Static adhesion of VWF microspheres to LRP1
Microtiter wells were coated with LRP1, BSA, or anti-VWF antibody 539 (all at 0.5 μg/well) in a volume of 0.1 mL for 2 hours at 37°C in 0.1M NaHCO3 (pH 9.8). After washing wells 3 times with 0.15M NaCl, 2.5mM CaCl2, and 20mM Tris-HCl (pH 7.5; TBS), wells were blocked with TBS/0.5% (wt/vol) polyvinylpyrrolidone for 1 hour at 37°C. Subsequently, wells were incubated with VWF- or BSA-coated beads (1 × 104 beads/well) in a volume of 50 μL for 1 hour at room temperature. Wells were then washed 3 times with TBS/0.1% (vol/vol) Tween 20, and adhered microspheres were visualized via light microscopy.

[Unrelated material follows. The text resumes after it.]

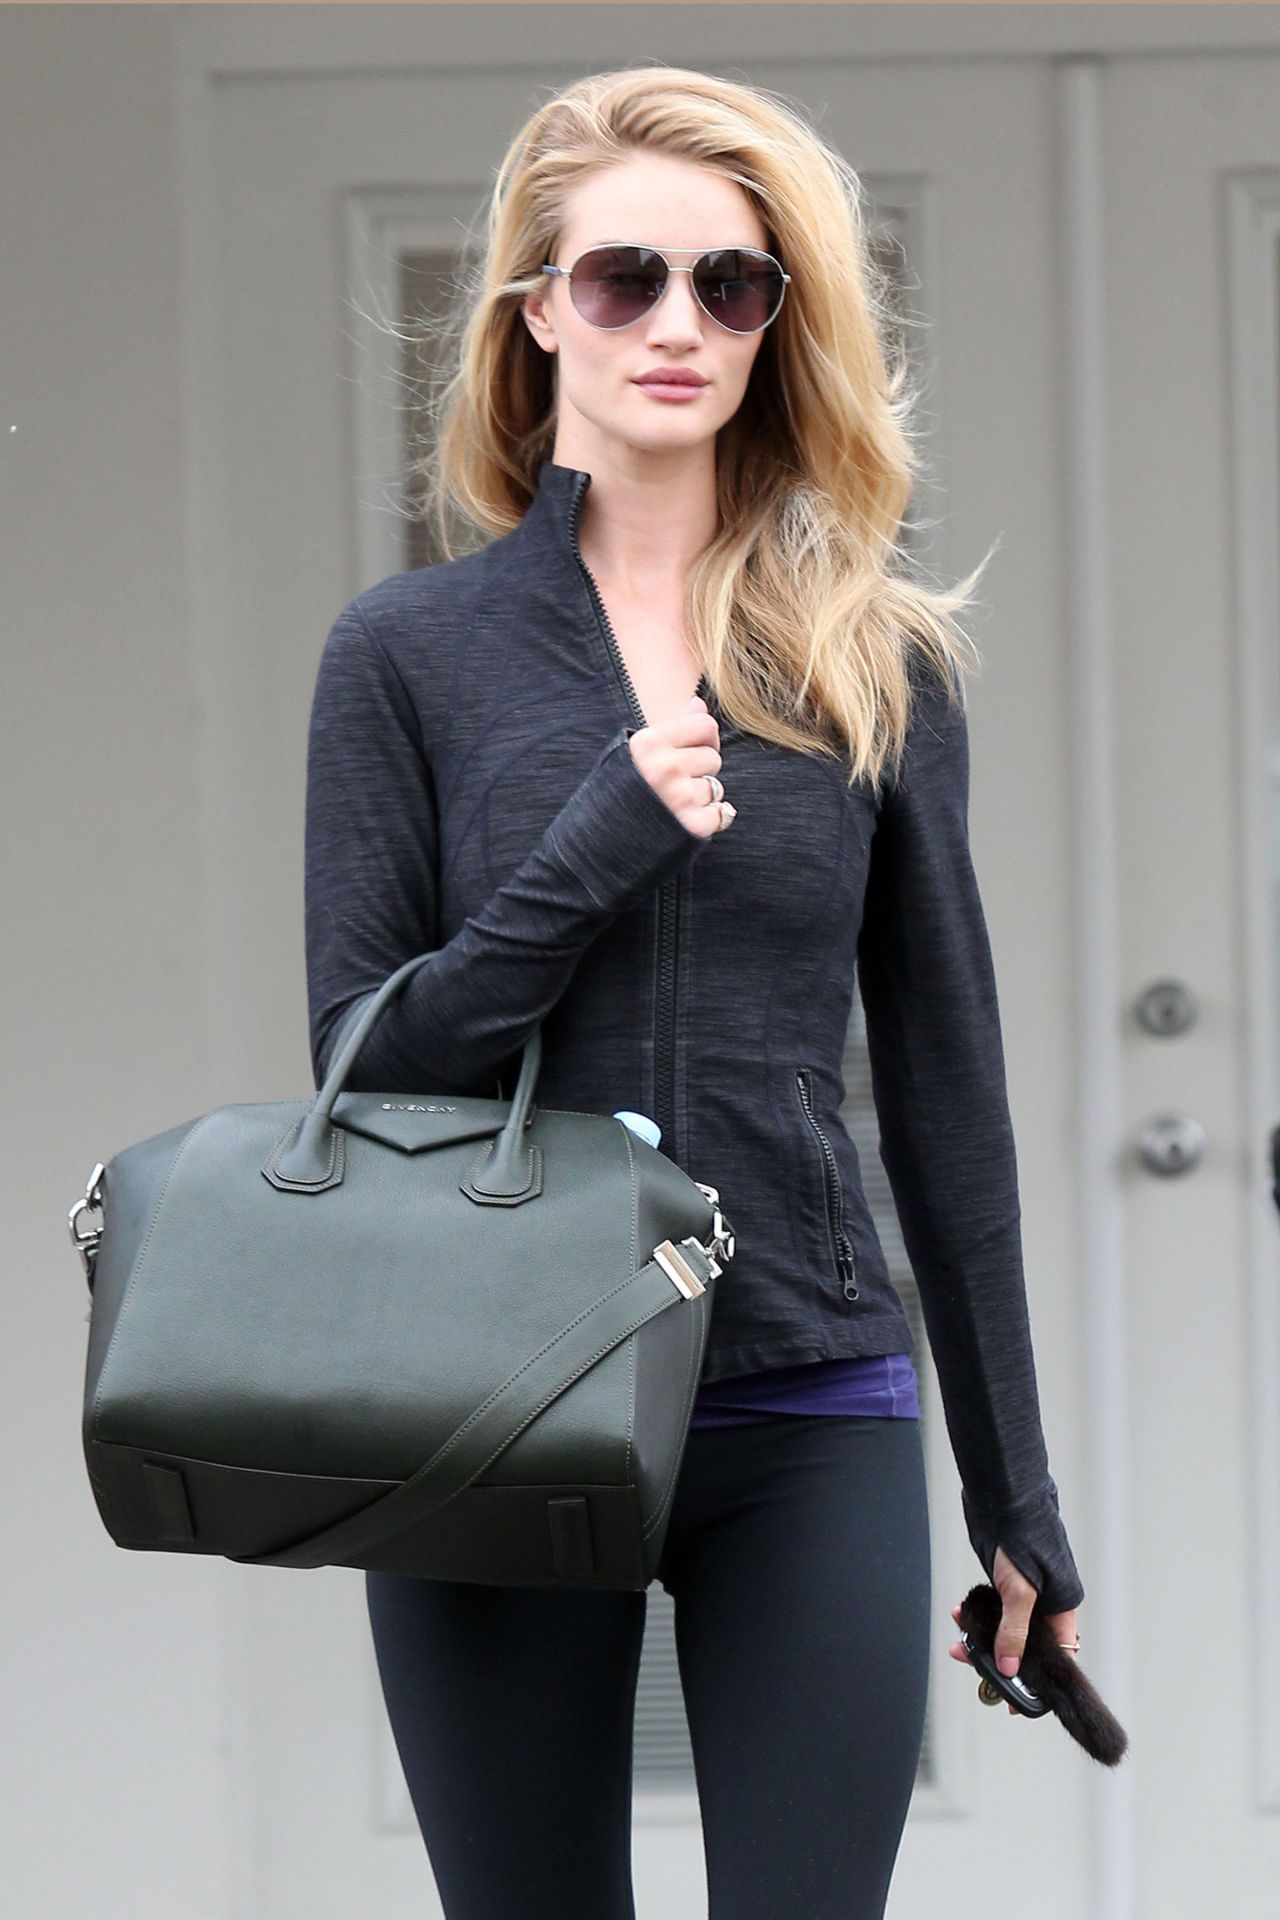 Rosie Huntington-Whiteley Style - Leaving the Gym - Los Angeles ...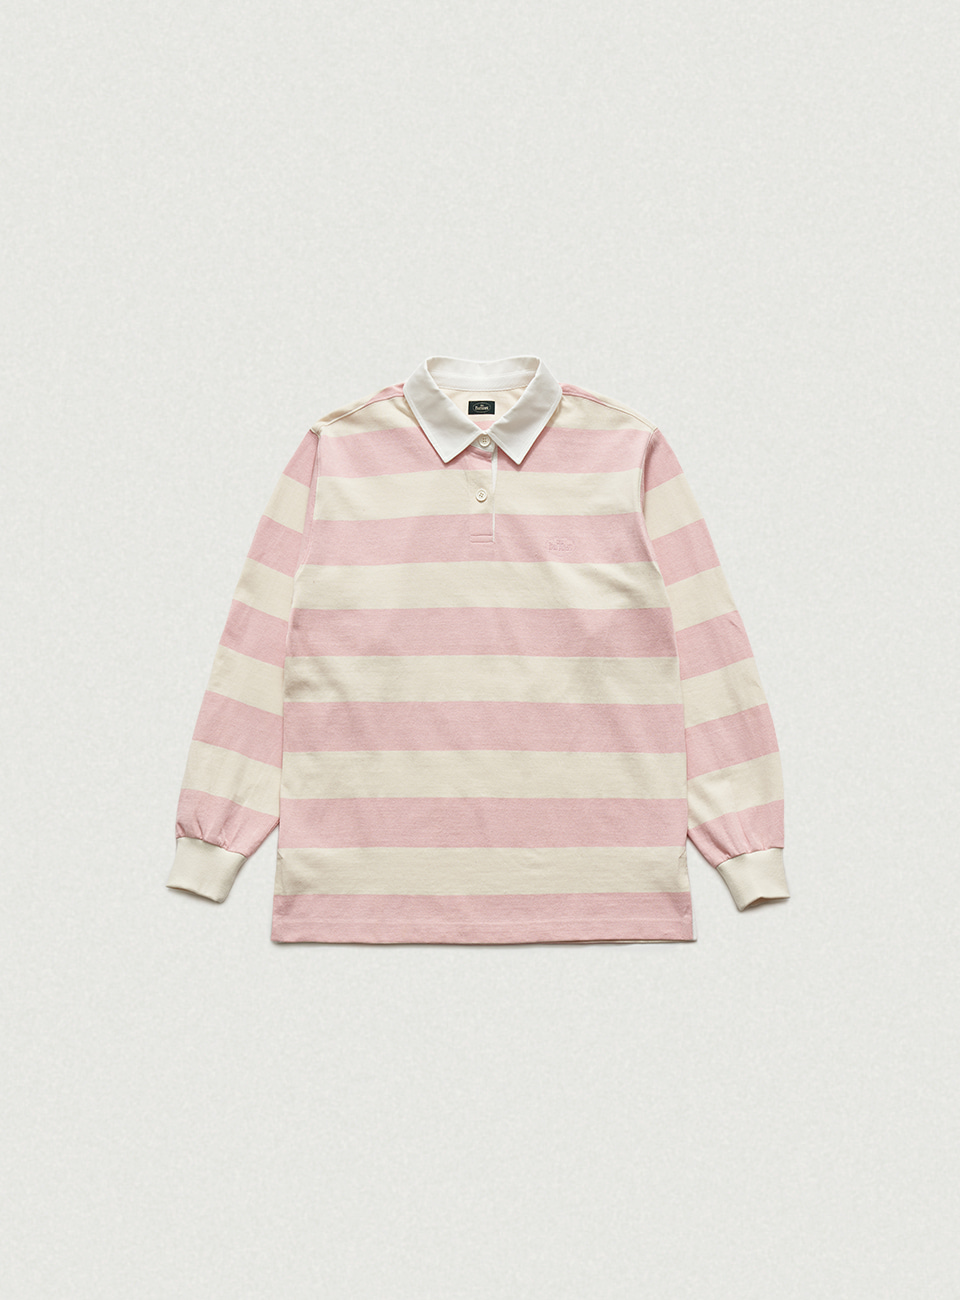 Women’s Pink Classic Striped Rugby Shirt

Adhesion of VWF microspheres to LRP1 under flow
Adhesion of VWF- or BSA-coated beads to an LRP1-coated surface under flow was studied with Bioflux perfusion equipment (Fluxion Biosciences). Channels of Bioflux plates (48 wells) were coated with purified LRP1 or BSA (50 μg/mL, overnight at 4°C), and nonoccupied sites were blocked via incubation with polyvinylpyrrolidone (0.5%) for 30 minutes at room temperature. VWF- or BSA-coated microspheres (0.7 × 109 beads/mL; 50 μg/1.4 × 109 beads) were perfused at a shear of 2.5, 5, or 10 dyne/cm2. Alternatively, VWF- or BSA-coated microspheres (0.7 × 109 beads/mL; 25, 50, or 200 μg/1.4 × 109 beads) were perfused at a shear of 5 dyne/cm2. Specificity also was tested by perfusing VWF- or BSA-coated microspheres (0.7 × 109 beads/mL; 50 μg/1.4 × 109 beads) in the presence of RAP (20 μg/mL). Perfusion was followed via real-time microscopy. Snapshots of 5 different fields were taken after 2.5 minutes of perfusion within a period of 15 seconds. Adhesion was quantified by counting individual fluorescent microspheres using ImageJ 1.44 software (National Institutes of Health; http://rsbweb.nih.gov/ij/index.html).
Statistical analysis
Data are expressed as means (± SD), unless indicated otherwise. Multiple comparisons were performed using 1-way ANOVA. Statistical analysis of continuous parameters was performed with the Student unpaired t test, and Welch correction was applied when appropriate. In cases where VWF and FVIII levels were analyzed before and after treatment, we performed a paired t test analysis. P values less than .05 are considered statistically significant.
Results
Blocking LDL receptors results in increased VWF levels independently of FVIII
Previously, a combined increase in both FVIII and VWF was observed after genetic inactivation of hepatic LRP1.15 Because VWF has been reported not to interact with LRP1 itself and circulates in complex with FVIII, it cannot be excluded that this rise in VWF levels is subsequent to the rise in FVIII. To test this possibility, we determined VWF antigens levels in FVIII-deficient mice after hydrodynamic gene transfer of RAP, a protein that efficiently inhibits LRP1 and other members of the LDL-receptor family. Control FVIII-deficient mice treated with an empty pLIVE plasmid displayed similar VWF levels as untreated FVIII-deficient mice (FVIII-deficient + pLIVE-empty, 1.1 ± 0.1 U/mL [n = 4]; FVIII-deficient, 1.0 ± 0.3 U/mL [n = 10]; P = .45; Figure 1) 4 days after gene transfer, indicating that VWF levels were normal at this time point after the procedure. In contrast, expression of RAP in FVIII-deficient mice resulted in VWF levels that were increased almost 2-fold (1.9 ± 0.3 U/mL [n = 5]; P < .0001 compared with untreated FVIII-deficient mice; Figure 1). This demonstrates that the increase in VWF levels after inhibition of LDL receptors proceeds independently of FVIII.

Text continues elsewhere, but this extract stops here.